Each call is an independent LLM invocation. The typed interface enforces that each step receives and produces valid data, making pipelines easier to test and debug.

Chain-of-thought reasoning

Advanced: This section shows a performance-oriented pattern for math and reasoning tasks.
The Pydantic structured output pattern works well for explicit chain-of-thought (CoT) reasoning.

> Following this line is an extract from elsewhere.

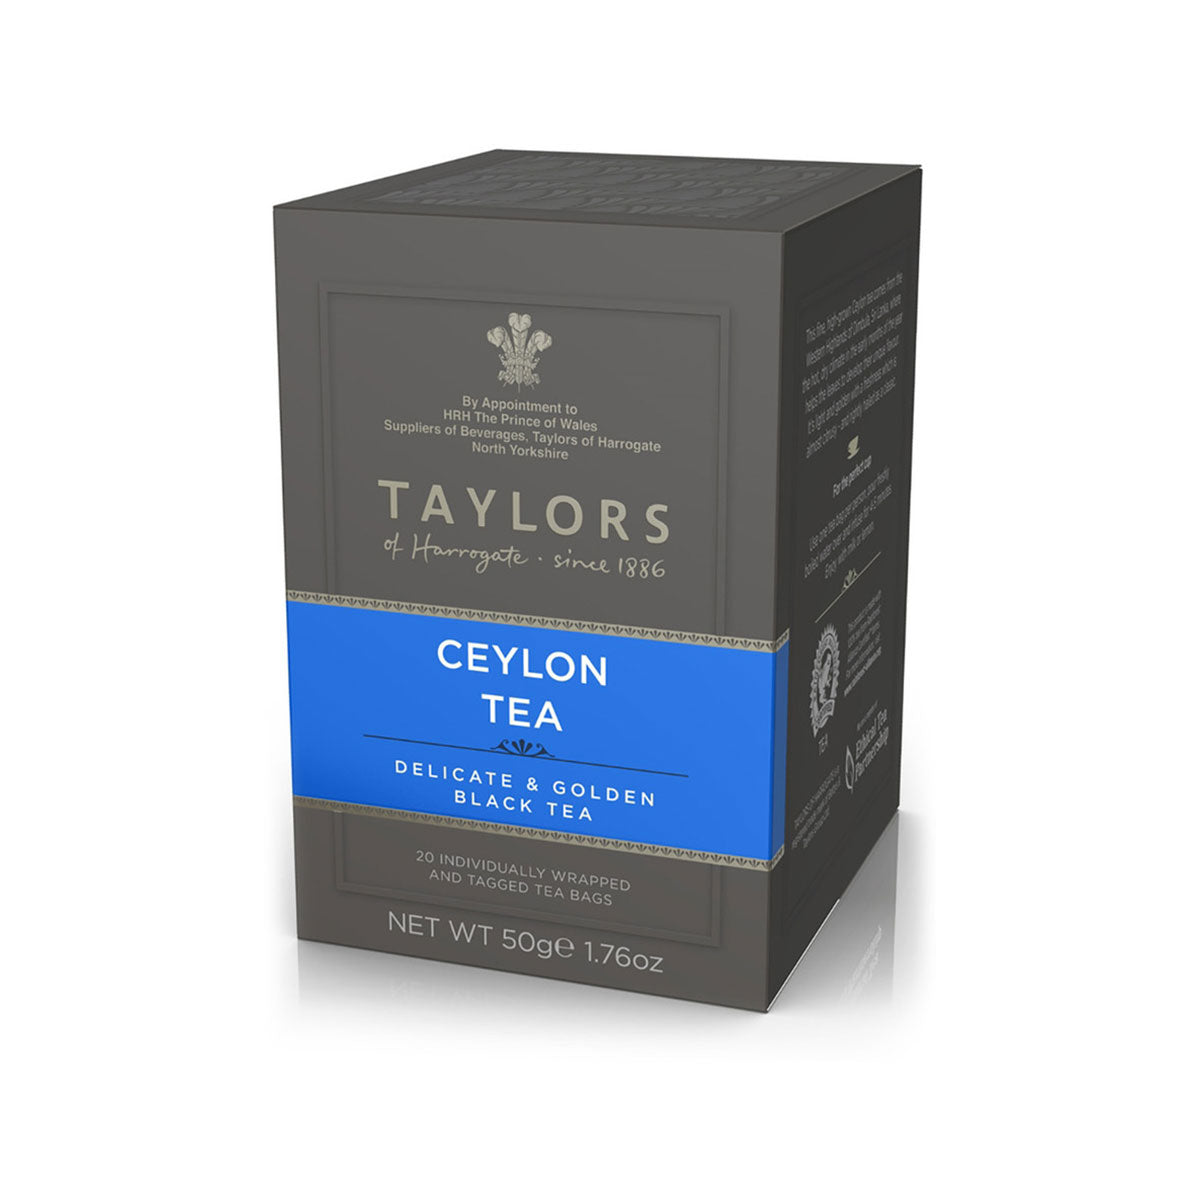 Taylors Ceylon Tea

Separating the reasoning step from the answer extraction step can significantly improve accuracy on tasks like GSM8K.
from pydantic import BaseModel
from mellea import generative, start_session

class Thought(BaseModel):
    step_name: str
    step_content: str

class ChainOfThought(BaseModel):
    chain_name: str
    step_by_step_solution: list[Thought]

@generative
def compute_chain_of_thought(question: str) -> ChainOfThought:
    """Generate a comprehensive chain-of-thought solution for the question,
    tracking cumulative state at every step."""

@generative
def extract_final_answer(question: str, chain_of_thought: ChainOfThought) -> int:
    """Extract the final numeric answer from the chain-of-thought solution."""

m = start_session()
question = "If I have $50 and spend $12, how much is left?"
cot = compute_chain_of_thought(m, question=question)
answer = extract_final_answer(m, question=question, chain_of_thought=cot)
print(answer)
# Output will vary — LLM responses depend on model and temperature.
# Expected: 38
The structured Thought titles can be surfaced in a UI for observability into the model’s reasoning process.